What is required: Copy out only the lines running from the one that contains "Free shipping worldwide!" through the end of the listing. Pictures stay out.

Recorded data:
■ ■ ■ ■ ■
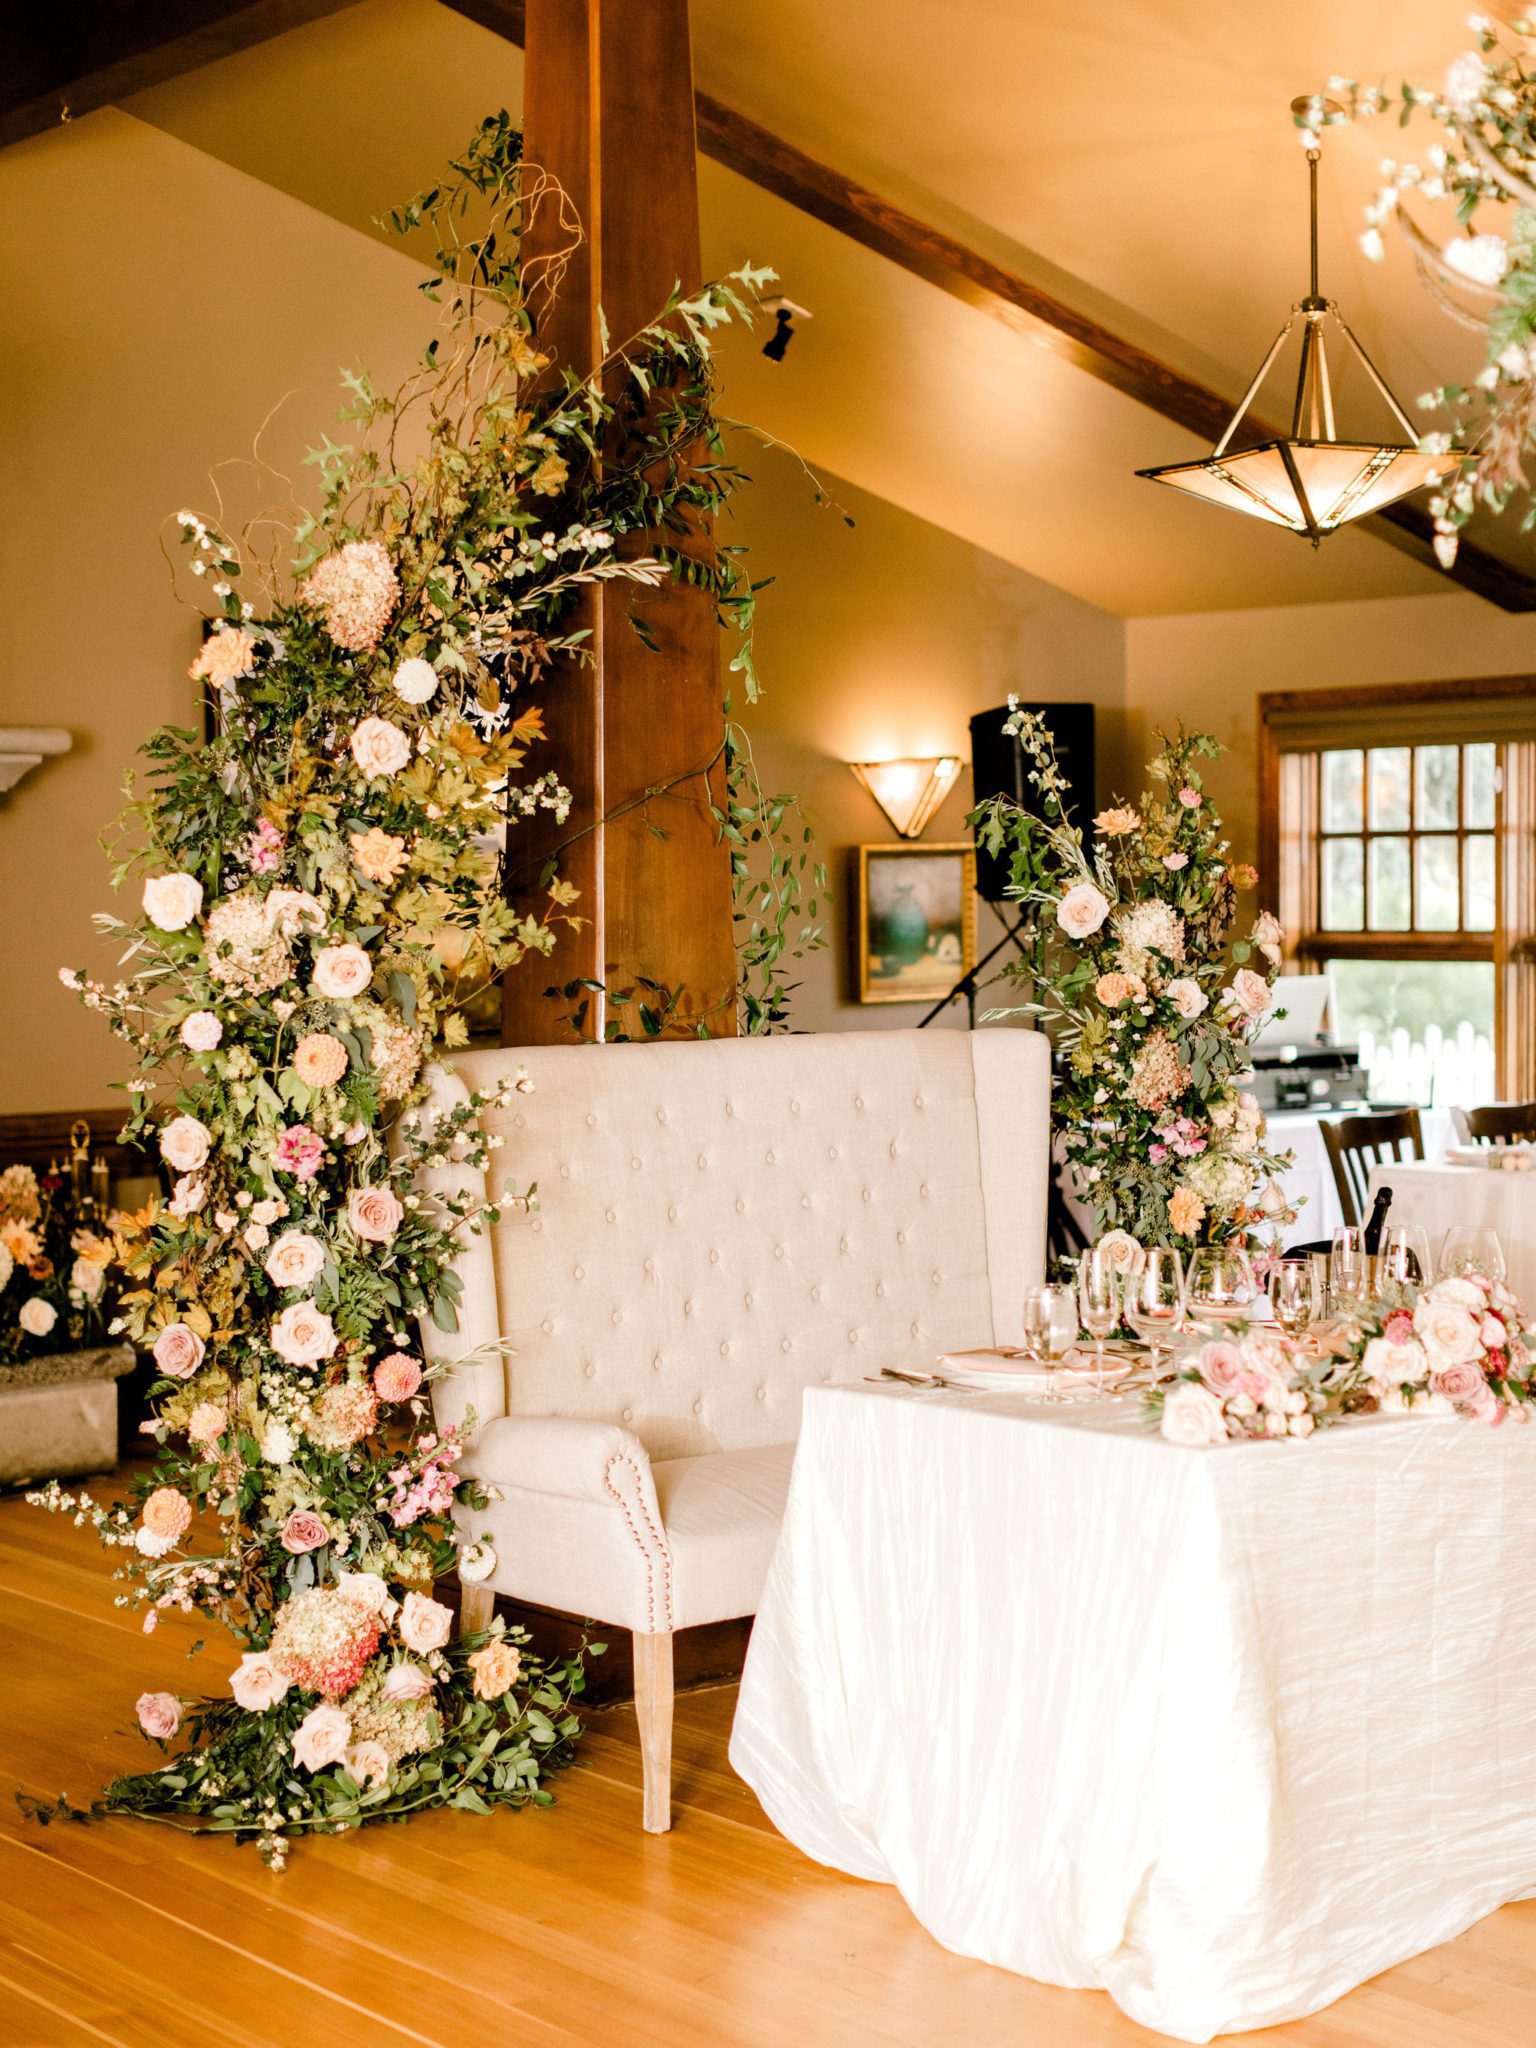 Lavish sweetheart table decor inspiration with stunning florals
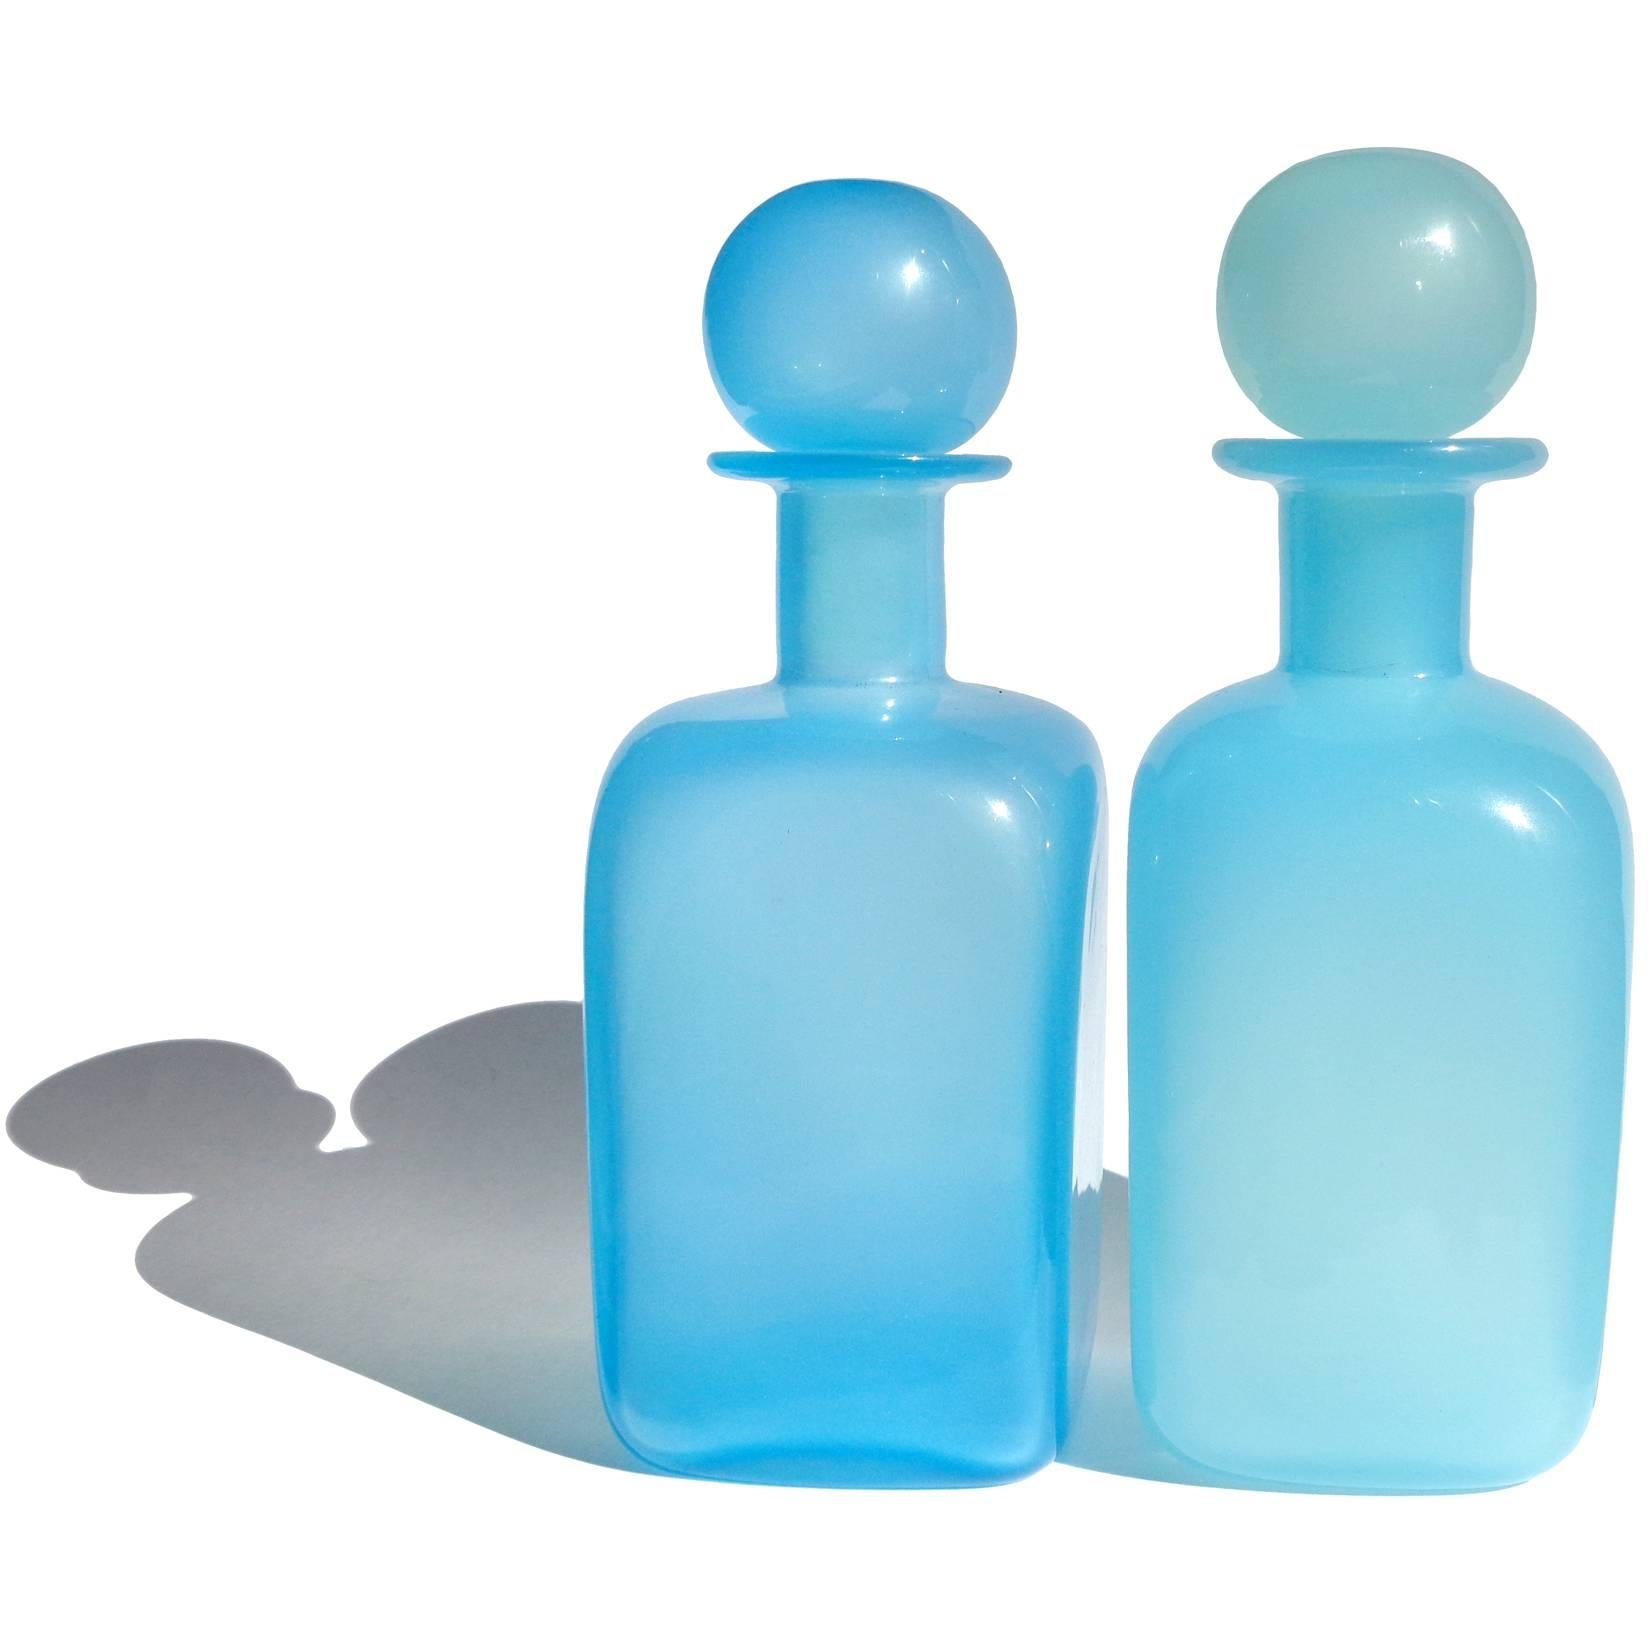 Free shipping worldwide! See details below description.

Amazing set of Murano handblown pink, green, and blue opalescent art glass decanters / bottles. Documented to designer Archimede Seguso. The green bottle has 3 original labels still
■ ■ ■ ■ ■
Finished exercise:
 Free shipping worldwide! See details below description.

Amazing set of Murano handblown pink, green, and blue opalescent art glass decanters / bottles. Documented to designer Archimede Seguso. The green bottle has 3 original labels still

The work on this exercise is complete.